▸ **About this exercise**
Exact copy, no pictures: output each line below as it stands.

▸ **Information provided**
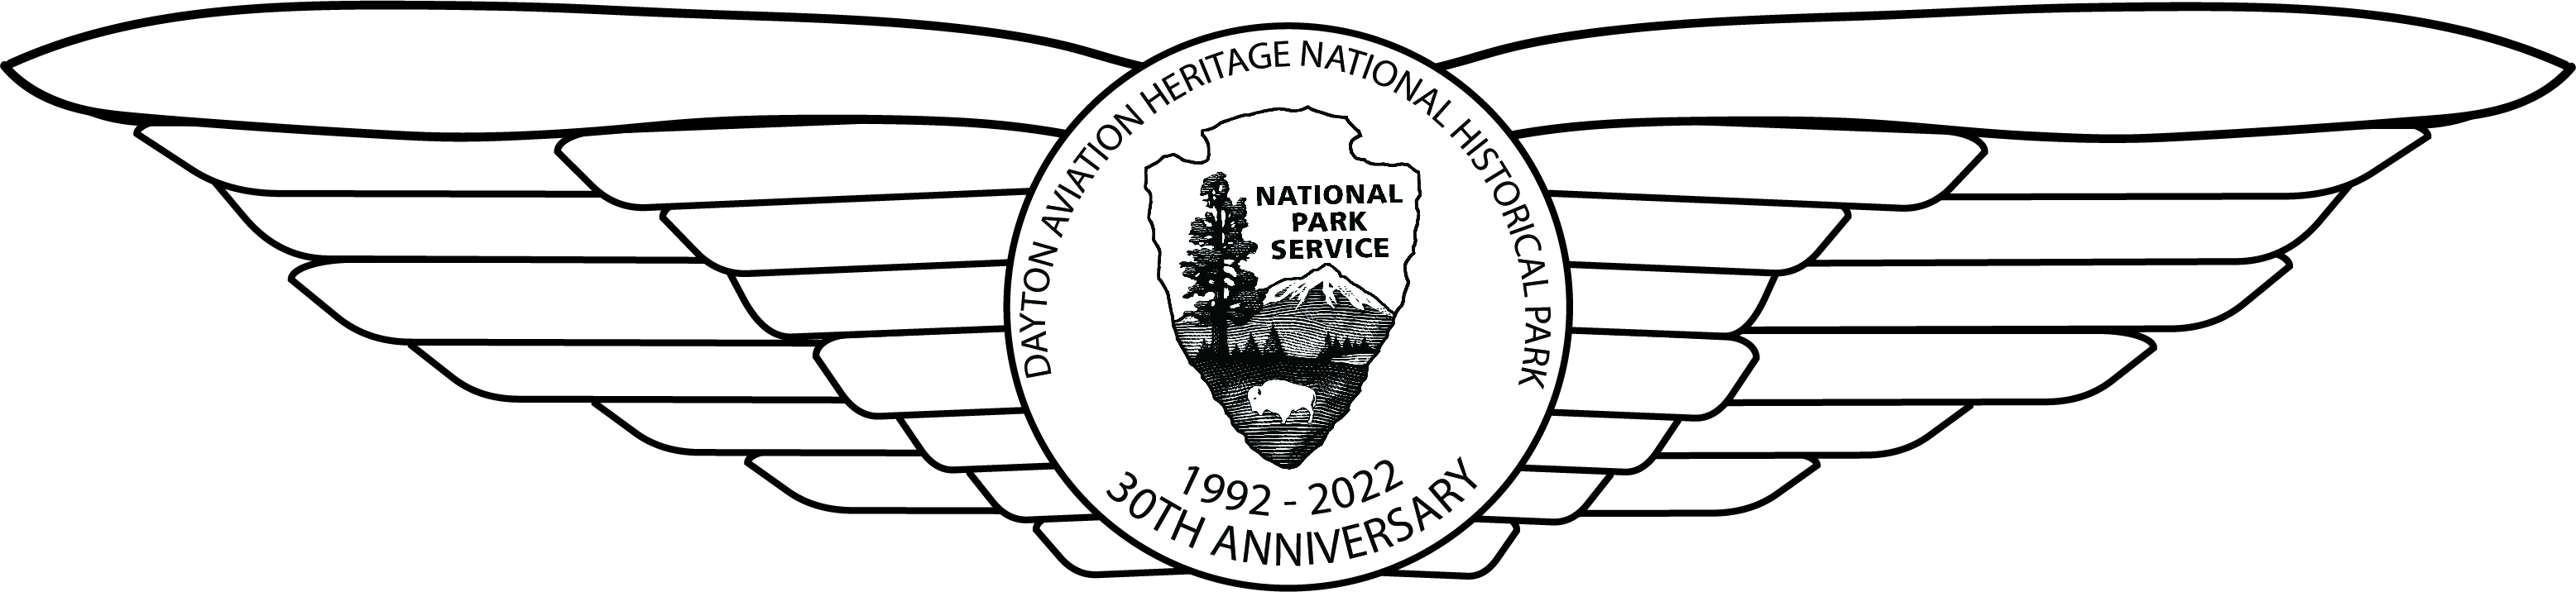 Image of 30th anniversary logo. An NPS arrowhead sits at the center of pilot wings stretch and in the center it reads " Dayton Aviation Heritage National Historical Park, 1992 - 2022, 30th anniversary.
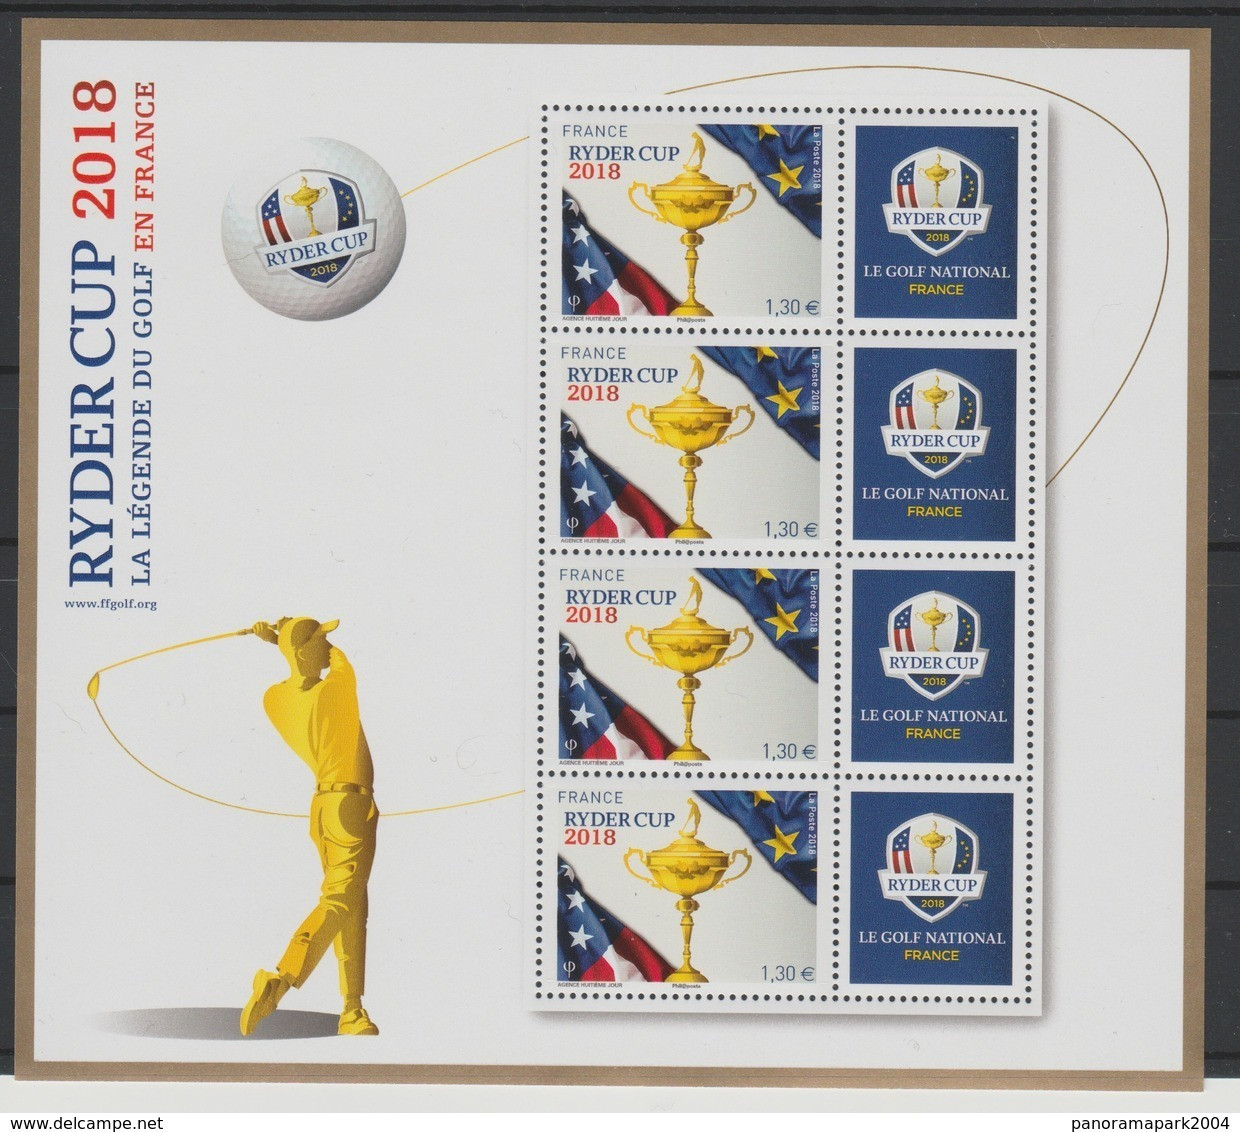 France 2018 - BF YT N°142 Mini-feuillet Bloc 4 Timbres Ryder Cup Golf LUXE MNH RARE ! Tirage 30 000 - Golf
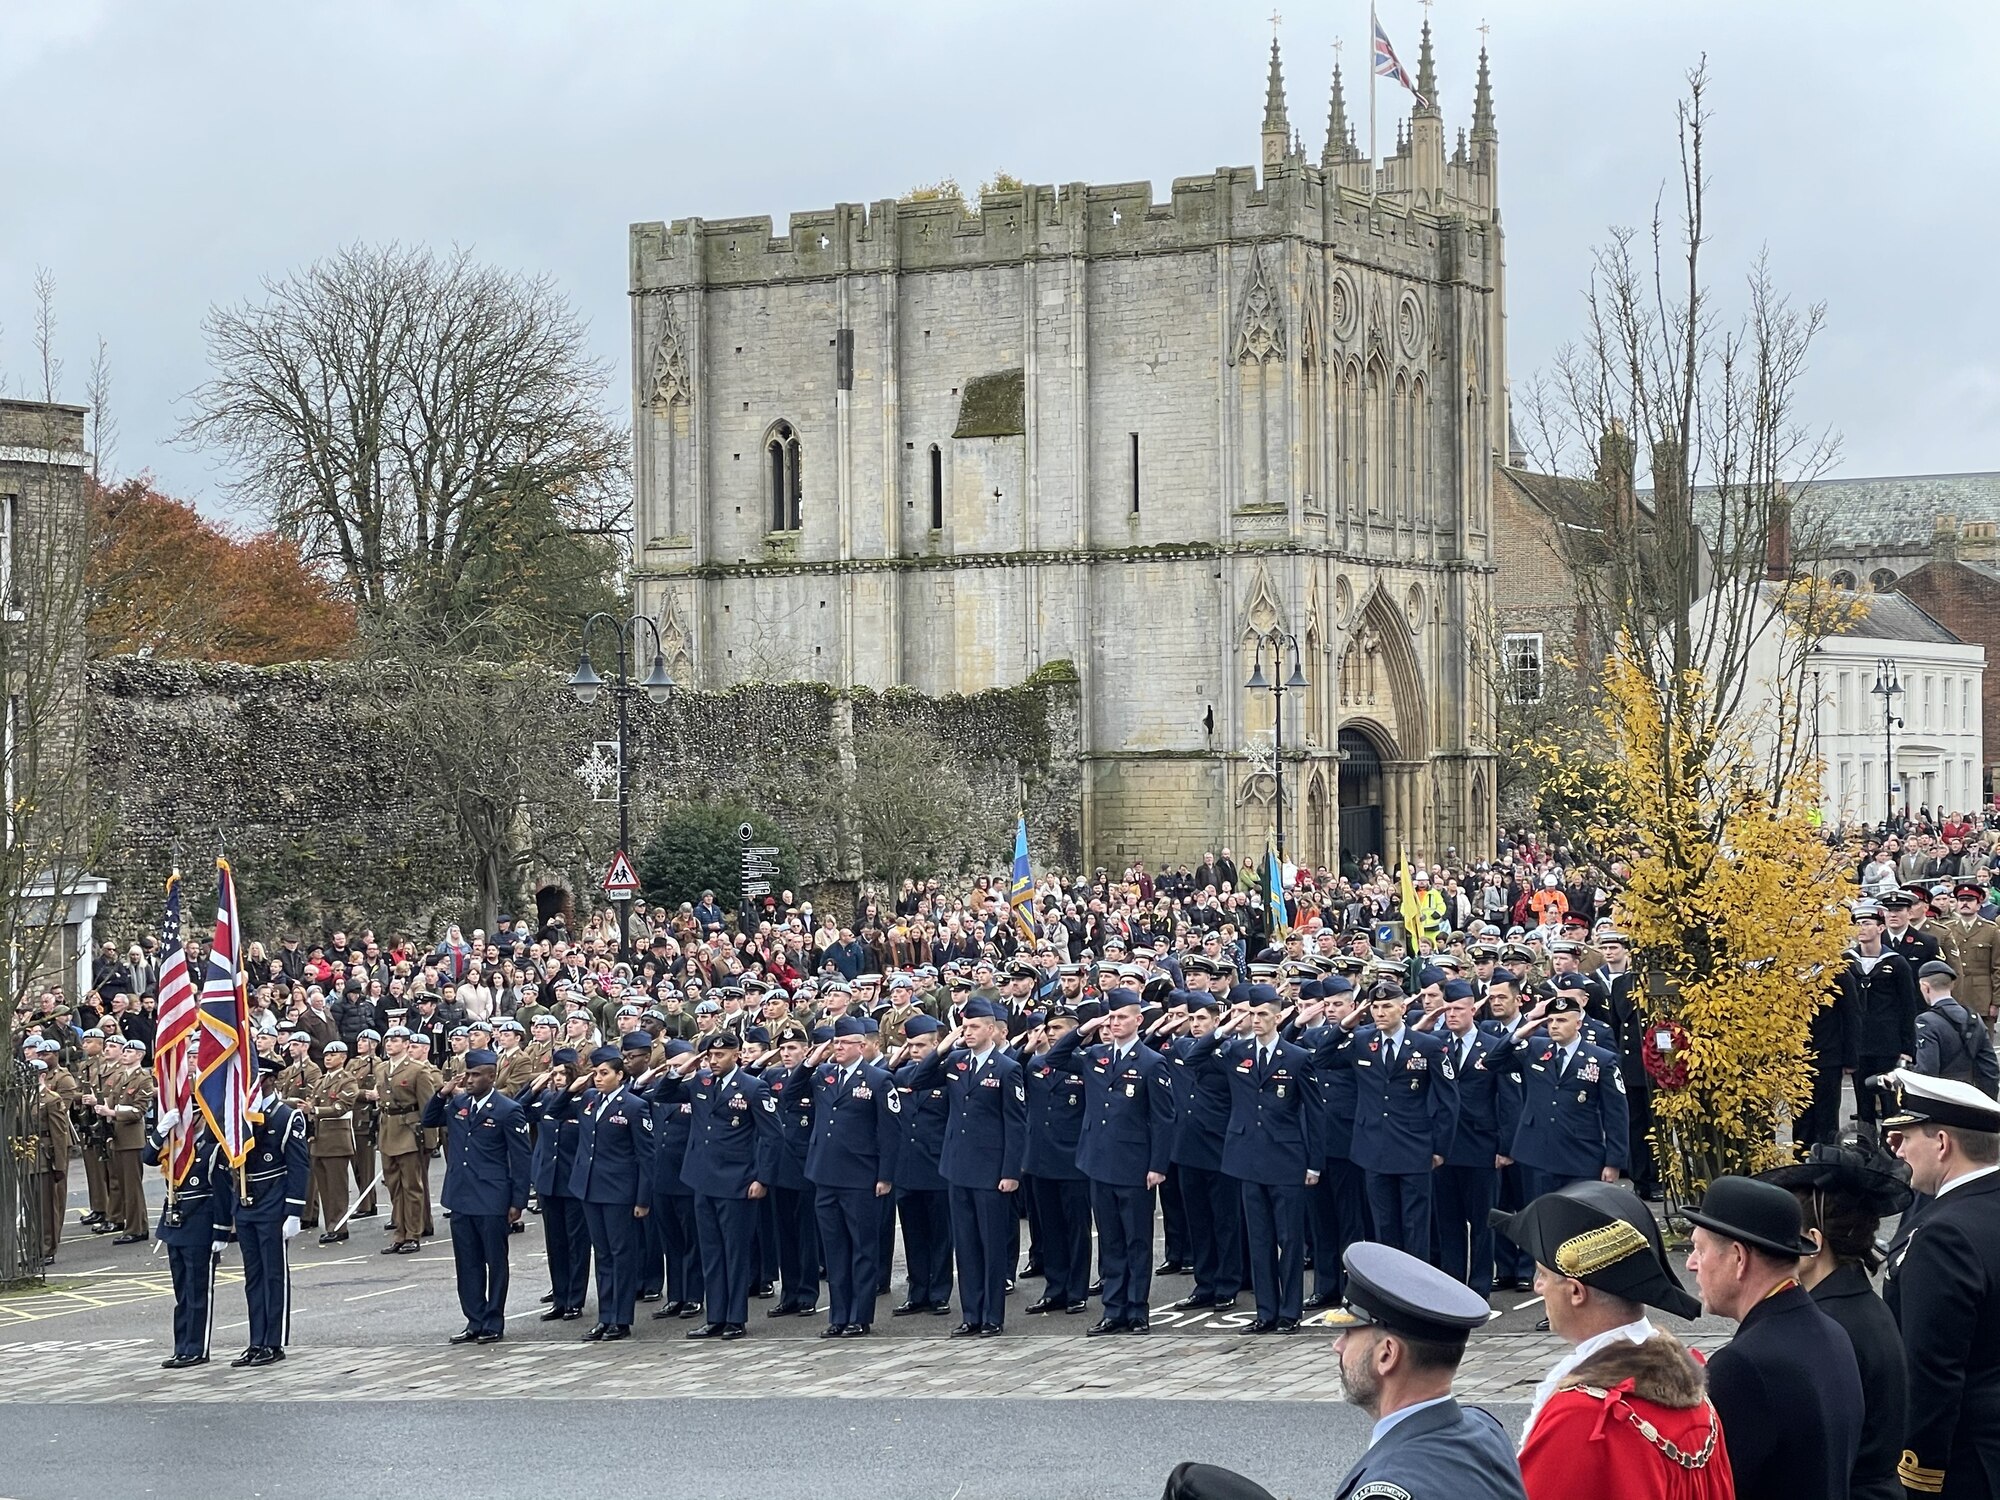 Remembrance is held on November of each year to honor members of the armed forces who have died in wars and other military conflicts since the onset of World War I.
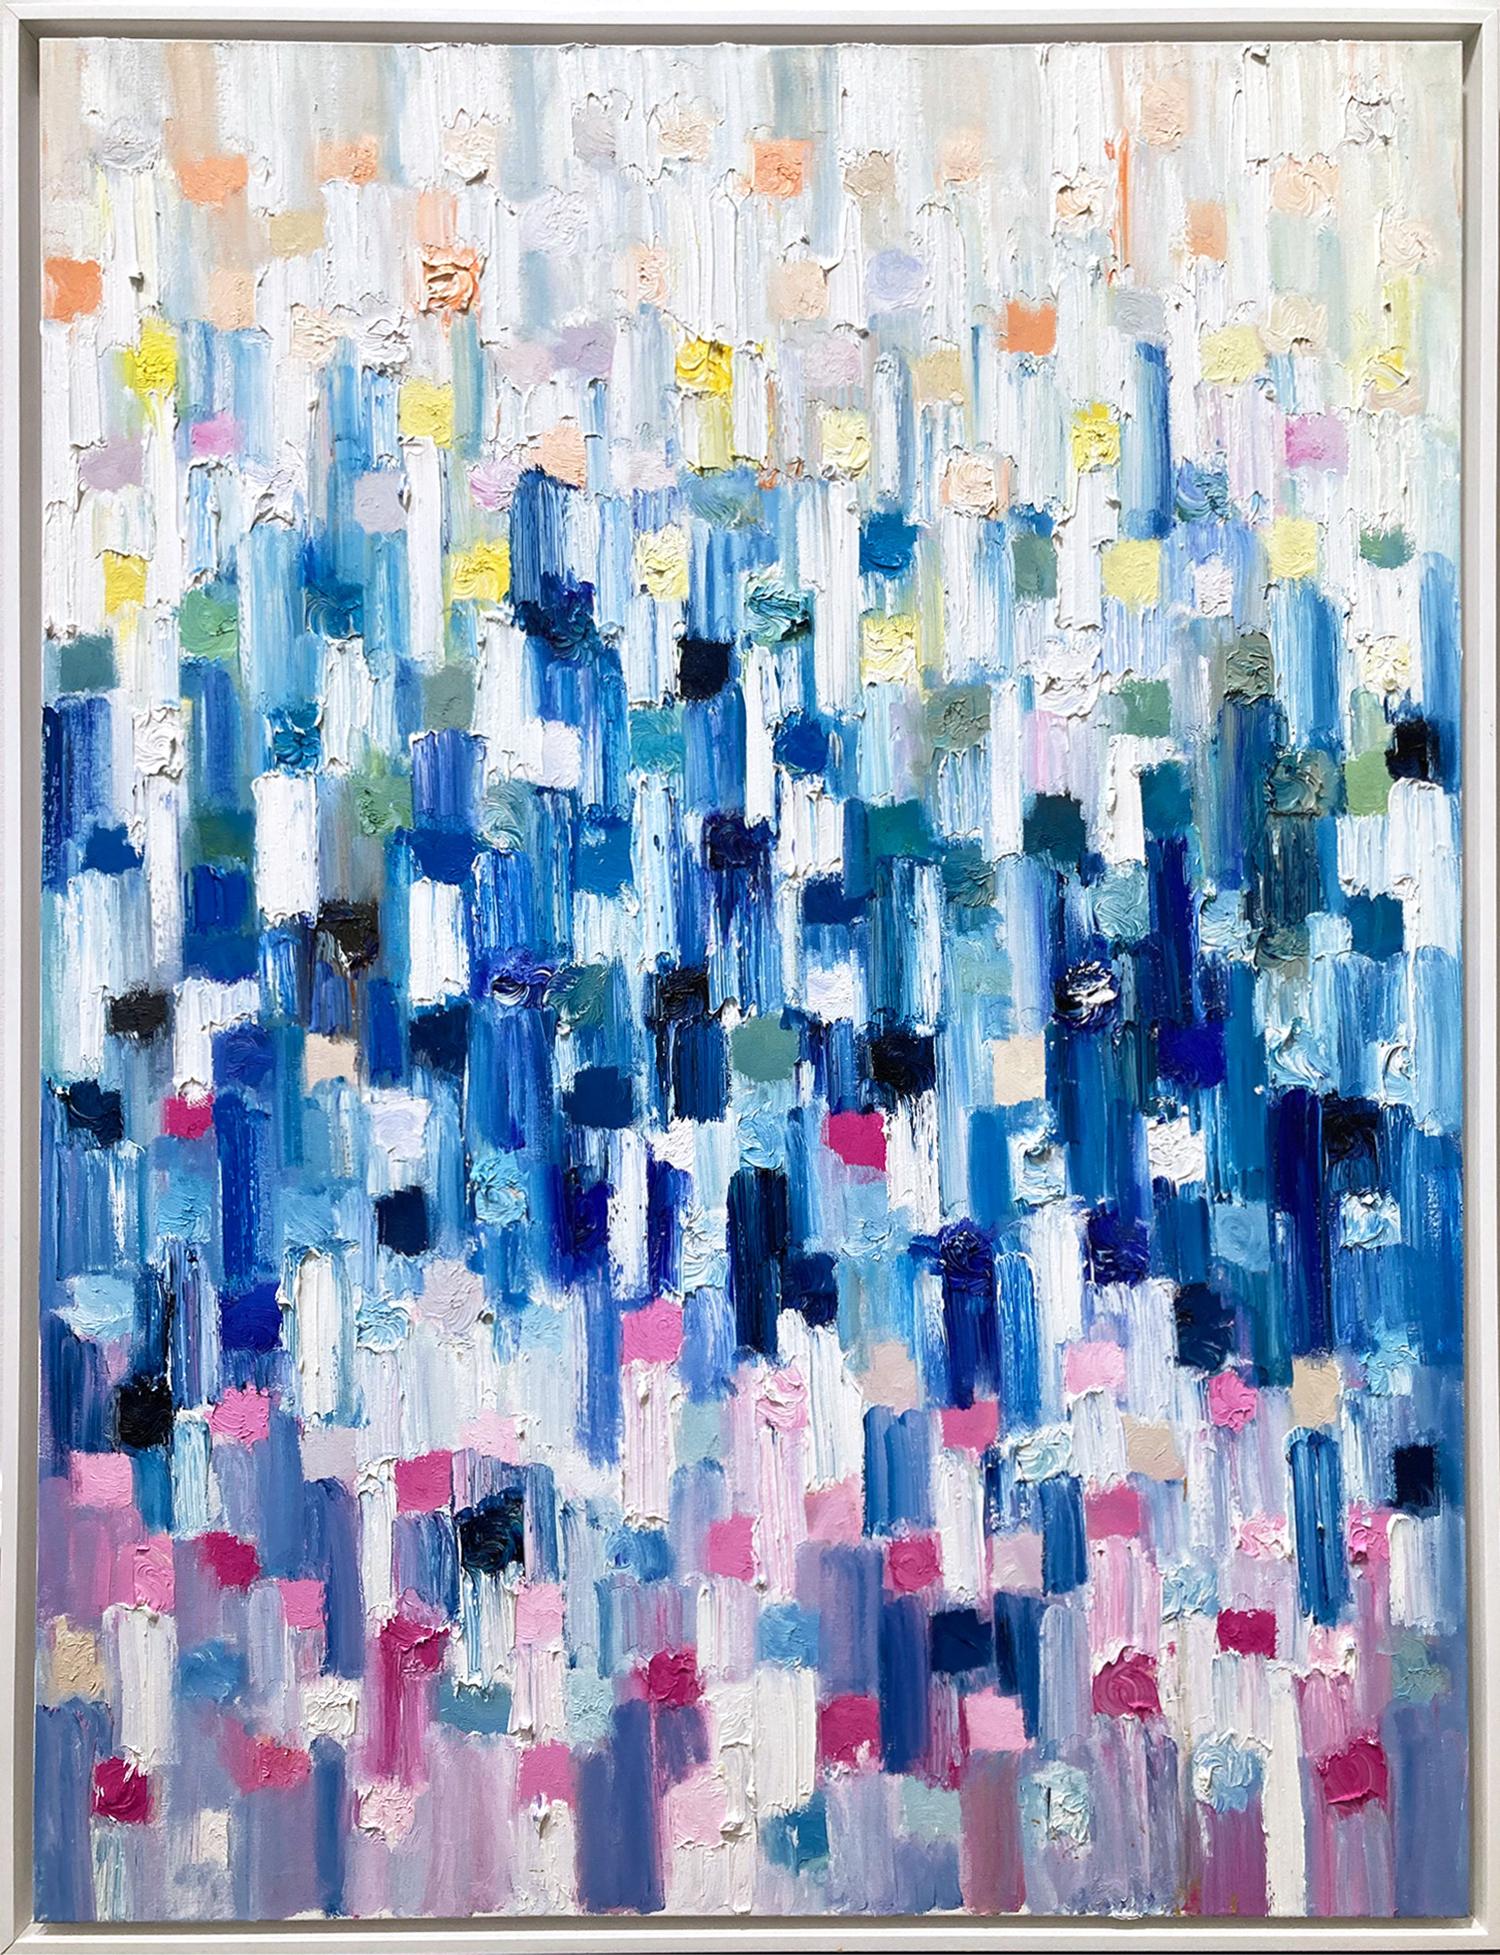 Cindy Shaoul Abstract Painting - "Dripping Dots - Savanah" Multicolor Contemporary Oil Painting on Canvas

▸ **Answer to the exercise**
 Image of 30th anniversary logo. An NPS arrowhead sits at the center of pilot wings stretch and in the center it reads " Dayton Aviation Heritage National Historical Park, 1992 - 2022, 30th anniversary.
 France 2018 - BF YT N°142 Mini-feuillet Bloc 4 Timbres Ryder Cup Golf LUXE MNH RARE ! Tirage 30 000 - Golf
 Remembrance is held on November of each year to honor members of the armed forces who have died in wars and other military conflicts since the onset of World War I.
 Cindy Shaoul Abstract Painting - "Dripping Dots - Savanah" Multicolor Contemporary Oil Painting on Canvas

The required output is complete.